An Introduction to Statistical Learning: The Free eBook

This week's free eBook is a classic of data science, An Introduction to Statistical Learning, with Applications in R. If interested in picking up elementary statistical learning concepts, and learning how to implement them in R, this book is for you.

After taking a week off, here's another free eBook offering to add to your collection.

This time, let's check out another classic of the genre, An Introduction to Statistical Learning, with Applications in R, written by Gareth James, Daniela Witten, Trevor Hastie and Robert Tibshirani. The book, a staple of statistical learning texts, is accessible to readers of all levels, and can be read without much of an existing foundational knowledge in the area.




From the book's website:

This book provides an introduction to statistical learning methods. It is aimed for upper level undergraduate students, masters students and Ph.D. students in the non-mathematical sciences. The book also contains a number of R labs with detailed explanations on how to implement the various methods in real life settings, and should be a valuable resource for a practicing data scientist.
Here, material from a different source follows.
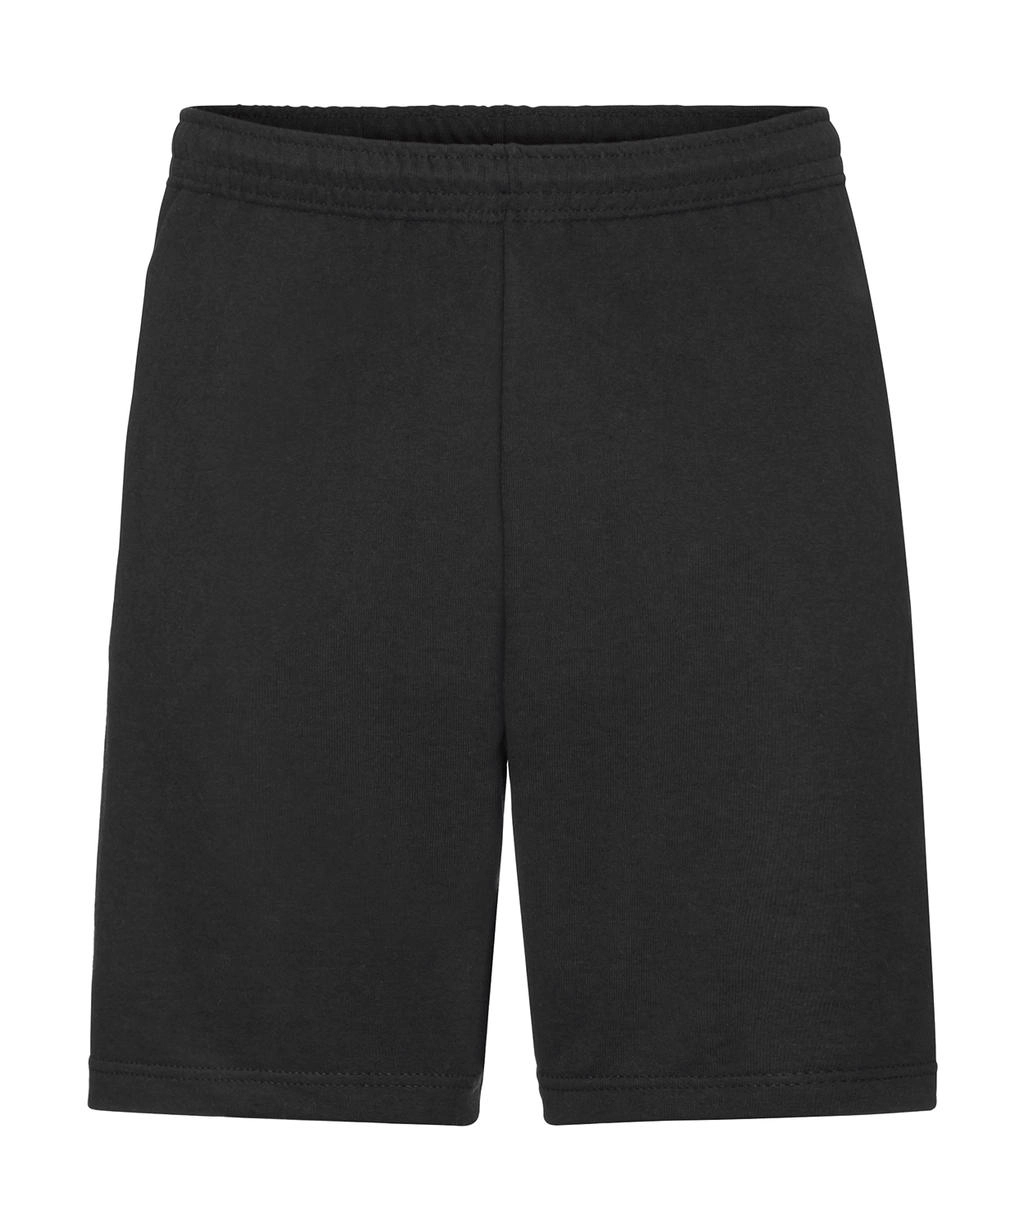 Lightweight Shorts zum Besticken und Bedrucken in der Farbe Black mit Ihren Logo, Schriftzug oder Motiv.

An Introduction to Statistical Learning, with Applications in R (ISLR) can be considered a less advanced treatment of the topics found in another classic of the genre written by some of the same authors, The Elements of Statistical Learning. Another major difference between these 2 titles, beyond the level of depth of the material covered, is that ISLR introduces these topics alongside practical implementations in a programming language, in this case R.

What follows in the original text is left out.